Auto Loader can securely ingest data from external locations configured with Unity Catalog. To learn more about securely connecting storage with Unity Catalog, see Connect to cloud object storage using Unity Catalog. Auto Loader relies on Structured Streaming for incremental processing; for recommendations and limitations see Using Unity Catalog with Structured Streaming.
Note
In Databricks Runtime 11.3 LTS and above, you can use Auto Loader with either standard or dedicated access modes (formerly shared and single-user access modes).
Directory listing mode is supported by default. File notification mode is only supported on compute with dedicated access mode.

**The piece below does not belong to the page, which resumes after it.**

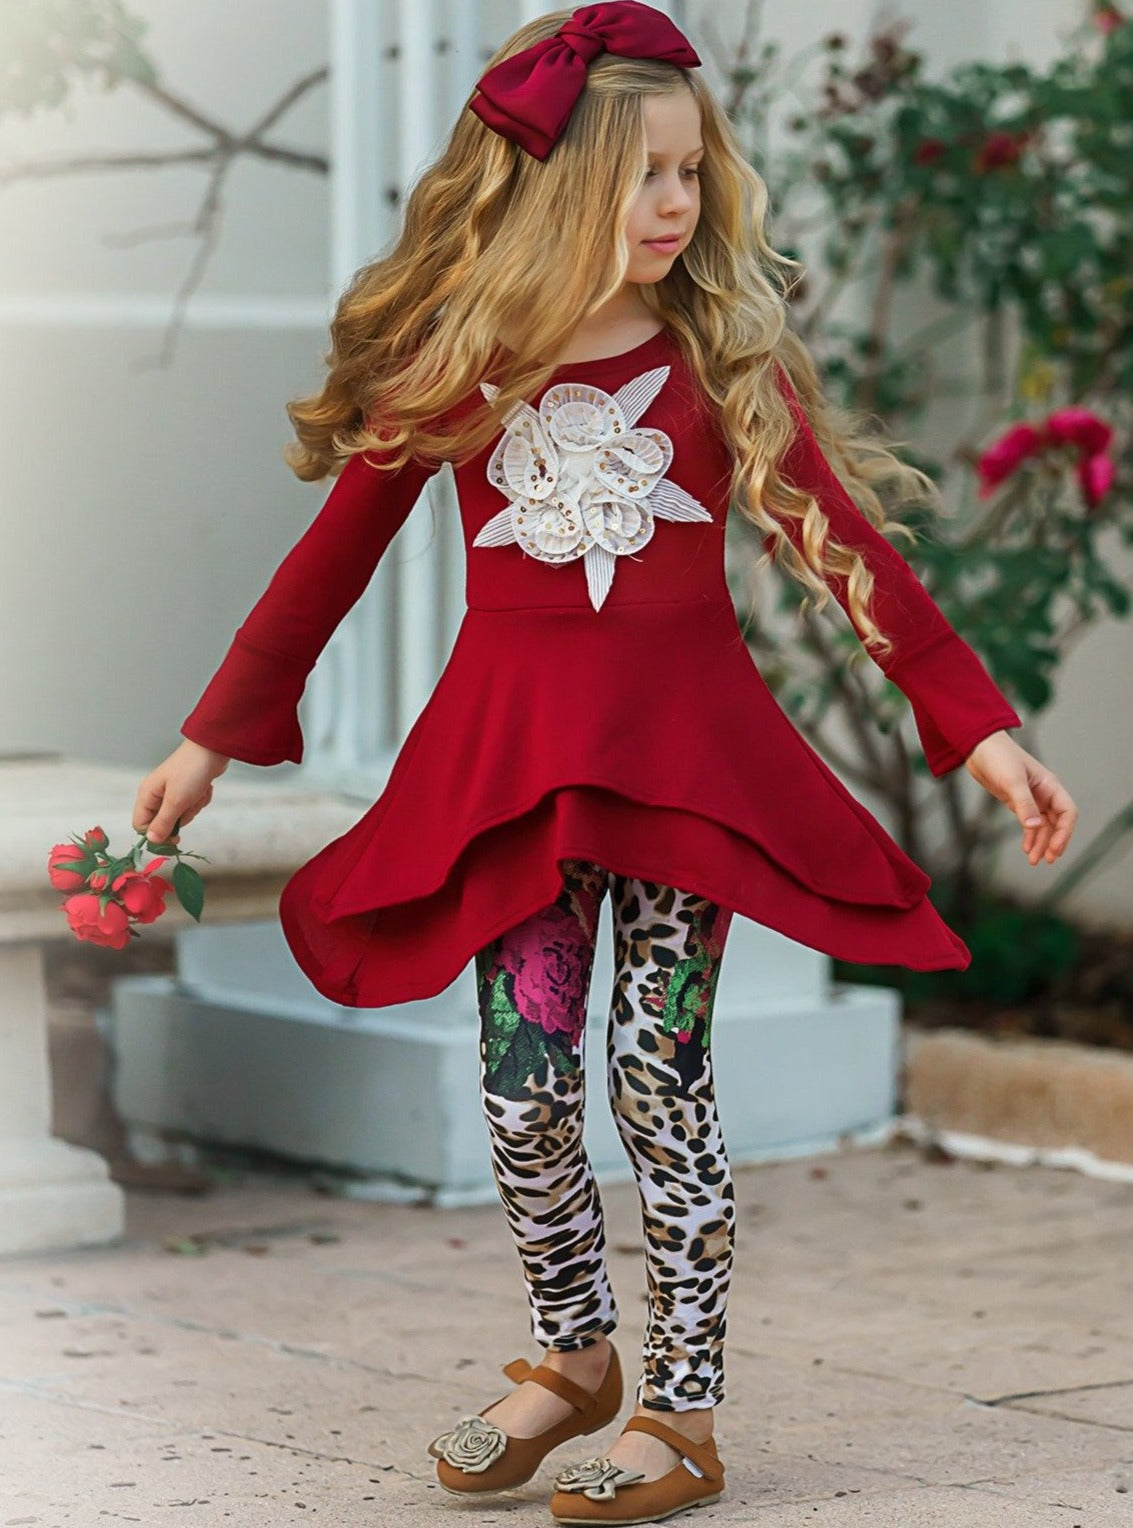 Girls Double Tiered Side Tail Applique Tunic & Printed Leggings Set - Girls Fall Dressy Set

Specify locations for Auto Loader resources for Unity Catalog
The Unity Catalog security model assumes that all storage locations referenced in a workload will be managed by Unity Catalog. Databricks recommends always storing checkpoint and schema evolution information in storage locations managed by Unity Catalog. Unity Catalog does not allow you to nest checkpoint or schema inference and evolution files under the table directory.
Ingest data from cloud storage using Unity Catalog
The following examples assume the executing user has READ FILES permissions on the external location, owner privileges on the target tables, and the following configurations and grants.
Note
Azure Data Lake Storage is the only Azure storage type supported by Unity Catalog.
| Storage location | Grant |
|---|---|
abfss://autoloader-source@<storage-account>.dfs.core.windows.net/json-data |
READ FILES |
abfss://dev-bucket@<storage-account>.dfs.core.windows.net |
READ FILES, WRITE FILES, CREATE TABLE |
Use Auto Loader to load to a Unity Catalog managed table
The following examples demonstrate how to use Auto Loader to ingest data to a Unity Catalog managed table.
Python
checkpoint_path = "abfss://dev-bucket@<storage-account>.dfs.core.windows.net/_checkpoint/dev_table"
(spark.readStream
.format("cloudFiles")
.option("cloudFiles.format", "json")
.option("cloudFiles.schemaLocation", checkpoint_path)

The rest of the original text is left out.